Work instructions:
For this exercise, reproduce the entries below exactly, but only from the line containing "Mua Online váy" through the line containing "(Casa da Moeda/Cesgranrio/2012)", both included.

Saved entries:
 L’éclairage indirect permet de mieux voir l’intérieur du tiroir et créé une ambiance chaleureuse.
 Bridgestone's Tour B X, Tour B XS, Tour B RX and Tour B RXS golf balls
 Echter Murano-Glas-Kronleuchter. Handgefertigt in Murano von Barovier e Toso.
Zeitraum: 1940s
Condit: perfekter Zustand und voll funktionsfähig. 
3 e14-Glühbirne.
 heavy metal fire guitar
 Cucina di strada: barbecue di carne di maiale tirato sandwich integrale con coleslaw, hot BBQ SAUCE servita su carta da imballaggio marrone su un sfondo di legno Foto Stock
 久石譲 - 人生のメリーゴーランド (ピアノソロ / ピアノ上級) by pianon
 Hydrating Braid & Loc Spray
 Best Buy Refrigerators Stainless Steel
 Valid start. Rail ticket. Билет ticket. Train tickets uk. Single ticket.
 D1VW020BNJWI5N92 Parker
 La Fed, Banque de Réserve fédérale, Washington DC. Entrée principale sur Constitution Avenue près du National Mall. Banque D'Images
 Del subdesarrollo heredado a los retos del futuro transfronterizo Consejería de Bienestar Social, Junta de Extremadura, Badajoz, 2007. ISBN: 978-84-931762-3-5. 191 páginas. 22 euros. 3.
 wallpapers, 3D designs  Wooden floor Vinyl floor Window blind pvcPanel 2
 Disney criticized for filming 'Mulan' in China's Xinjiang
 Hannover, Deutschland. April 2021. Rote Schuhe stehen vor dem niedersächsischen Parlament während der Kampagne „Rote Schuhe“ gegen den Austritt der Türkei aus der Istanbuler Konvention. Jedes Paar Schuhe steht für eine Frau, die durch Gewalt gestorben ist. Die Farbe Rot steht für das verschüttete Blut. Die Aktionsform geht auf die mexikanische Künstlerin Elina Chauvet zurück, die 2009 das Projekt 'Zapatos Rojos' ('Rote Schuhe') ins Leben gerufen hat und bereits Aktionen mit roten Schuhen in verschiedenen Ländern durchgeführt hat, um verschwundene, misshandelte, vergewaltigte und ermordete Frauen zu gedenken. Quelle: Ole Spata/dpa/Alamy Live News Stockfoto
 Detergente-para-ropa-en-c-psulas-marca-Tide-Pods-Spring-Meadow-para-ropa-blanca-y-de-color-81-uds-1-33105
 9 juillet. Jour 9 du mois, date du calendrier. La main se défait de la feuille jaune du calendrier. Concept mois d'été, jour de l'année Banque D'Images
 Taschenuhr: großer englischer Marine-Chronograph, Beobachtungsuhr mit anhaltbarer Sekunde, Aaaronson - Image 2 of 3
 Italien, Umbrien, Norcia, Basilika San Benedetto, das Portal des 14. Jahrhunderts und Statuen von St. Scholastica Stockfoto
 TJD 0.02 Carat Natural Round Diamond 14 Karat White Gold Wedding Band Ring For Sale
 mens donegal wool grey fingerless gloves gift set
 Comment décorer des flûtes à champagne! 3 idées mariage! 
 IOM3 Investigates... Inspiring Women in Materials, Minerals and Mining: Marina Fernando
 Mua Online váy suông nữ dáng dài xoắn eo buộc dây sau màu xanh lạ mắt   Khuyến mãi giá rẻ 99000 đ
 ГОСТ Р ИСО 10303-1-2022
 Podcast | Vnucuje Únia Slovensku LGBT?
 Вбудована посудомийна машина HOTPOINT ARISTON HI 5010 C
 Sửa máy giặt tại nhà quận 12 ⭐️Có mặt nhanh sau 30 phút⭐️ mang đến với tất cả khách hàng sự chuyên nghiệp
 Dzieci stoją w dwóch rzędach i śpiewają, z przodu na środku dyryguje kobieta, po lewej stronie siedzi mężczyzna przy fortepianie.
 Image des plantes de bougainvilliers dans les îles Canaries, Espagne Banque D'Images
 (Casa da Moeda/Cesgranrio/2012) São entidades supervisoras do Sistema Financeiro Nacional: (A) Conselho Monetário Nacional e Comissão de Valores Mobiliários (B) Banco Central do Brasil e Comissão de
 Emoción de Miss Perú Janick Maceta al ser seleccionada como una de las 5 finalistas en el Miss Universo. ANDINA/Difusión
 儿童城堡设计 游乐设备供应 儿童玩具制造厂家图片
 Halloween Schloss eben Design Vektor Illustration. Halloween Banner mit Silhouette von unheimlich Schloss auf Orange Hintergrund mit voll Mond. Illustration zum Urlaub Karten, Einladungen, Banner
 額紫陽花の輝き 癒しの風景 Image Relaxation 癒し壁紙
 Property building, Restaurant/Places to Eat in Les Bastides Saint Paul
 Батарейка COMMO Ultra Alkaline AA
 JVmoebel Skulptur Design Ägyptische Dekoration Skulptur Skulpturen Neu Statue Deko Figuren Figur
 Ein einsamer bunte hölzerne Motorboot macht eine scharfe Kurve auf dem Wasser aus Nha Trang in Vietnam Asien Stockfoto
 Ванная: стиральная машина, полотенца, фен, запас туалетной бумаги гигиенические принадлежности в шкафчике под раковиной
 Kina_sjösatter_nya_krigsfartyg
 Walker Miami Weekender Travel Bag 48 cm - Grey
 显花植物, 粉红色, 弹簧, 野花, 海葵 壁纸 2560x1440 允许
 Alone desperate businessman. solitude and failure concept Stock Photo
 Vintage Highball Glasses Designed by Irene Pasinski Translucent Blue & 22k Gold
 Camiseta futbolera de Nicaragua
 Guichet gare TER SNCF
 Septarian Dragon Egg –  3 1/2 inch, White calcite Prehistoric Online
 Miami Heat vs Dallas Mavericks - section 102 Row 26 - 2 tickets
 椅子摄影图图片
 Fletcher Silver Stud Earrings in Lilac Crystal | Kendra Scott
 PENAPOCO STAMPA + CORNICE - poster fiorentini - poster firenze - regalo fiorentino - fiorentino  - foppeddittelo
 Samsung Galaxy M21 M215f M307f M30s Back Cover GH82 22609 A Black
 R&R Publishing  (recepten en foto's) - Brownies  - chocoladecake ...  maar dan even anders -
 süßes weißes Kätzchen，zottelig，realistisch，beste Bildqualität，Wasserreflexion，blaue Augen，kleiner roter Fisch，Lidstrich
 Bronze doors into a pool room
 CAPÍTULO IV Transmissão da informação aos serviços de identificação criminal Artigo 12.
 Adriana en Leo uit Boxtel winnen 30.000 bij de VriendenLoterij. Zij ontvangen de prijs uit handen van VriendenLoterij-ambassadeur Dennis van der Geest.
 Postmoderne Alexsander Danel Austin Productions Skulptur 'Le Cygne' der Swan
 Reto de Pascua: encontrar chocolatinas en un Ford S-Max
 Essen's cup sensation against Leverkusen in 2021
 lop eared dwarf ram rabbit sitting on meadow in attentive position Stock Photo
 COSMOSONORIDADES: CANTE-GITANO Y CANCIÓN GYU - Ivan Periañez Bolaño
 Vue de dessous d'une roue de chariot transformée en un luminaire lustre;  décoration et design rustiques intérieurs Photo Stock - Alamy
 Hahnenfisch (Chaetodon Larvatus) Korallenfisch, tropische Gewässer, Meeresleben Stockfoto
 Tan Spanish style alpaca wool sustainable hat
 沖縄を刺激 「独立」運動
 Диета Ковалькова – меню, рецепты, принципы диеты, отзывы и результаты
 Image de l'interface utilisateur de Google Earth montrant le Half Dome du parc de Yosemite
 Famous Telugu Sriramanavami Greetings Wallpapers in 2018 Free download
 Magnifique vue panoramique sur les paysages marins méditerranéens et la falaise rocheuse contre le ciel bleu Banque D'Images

Written answer:
 Mua Online váy suông nữ dáng dài xoắn eo buộc dây sau màu xanh lạ mắt   Khuyến mãi giá rẻ 99000 đ
 ГОСТ Р ИСО 10303-1-2022
 Podcast | Vnucuje Únia Slovensku LGBT?
 Вбудована посудомийна машина HOTPOINT ARISTON HI 5010 C
 Sửa máy giặt tại nhà quận 12 ⭐️Có mặt nhanh sau 30 phút⭐️ mang đến với tất cả khách hàng sự chuyên nghiệp
 Dzieci stoją w dwóch rzędach i śpiewają, z przodu na środku dyryguje kobieta, po lewej stronie siedzi mężczyzna przy fortepianie.
 Image des plantes de bougainvilliers dans les îles Canaries, Espagne Banque D'Images
 (Casa da Moeda/Cesgranrio/2012) São entidades supervisoras do Sistema Financeiro Nacional: (A) Conselho Monetário Nacional e Comissão de Valores Mobiliários (B) Banco Central do Brasil e Comissão de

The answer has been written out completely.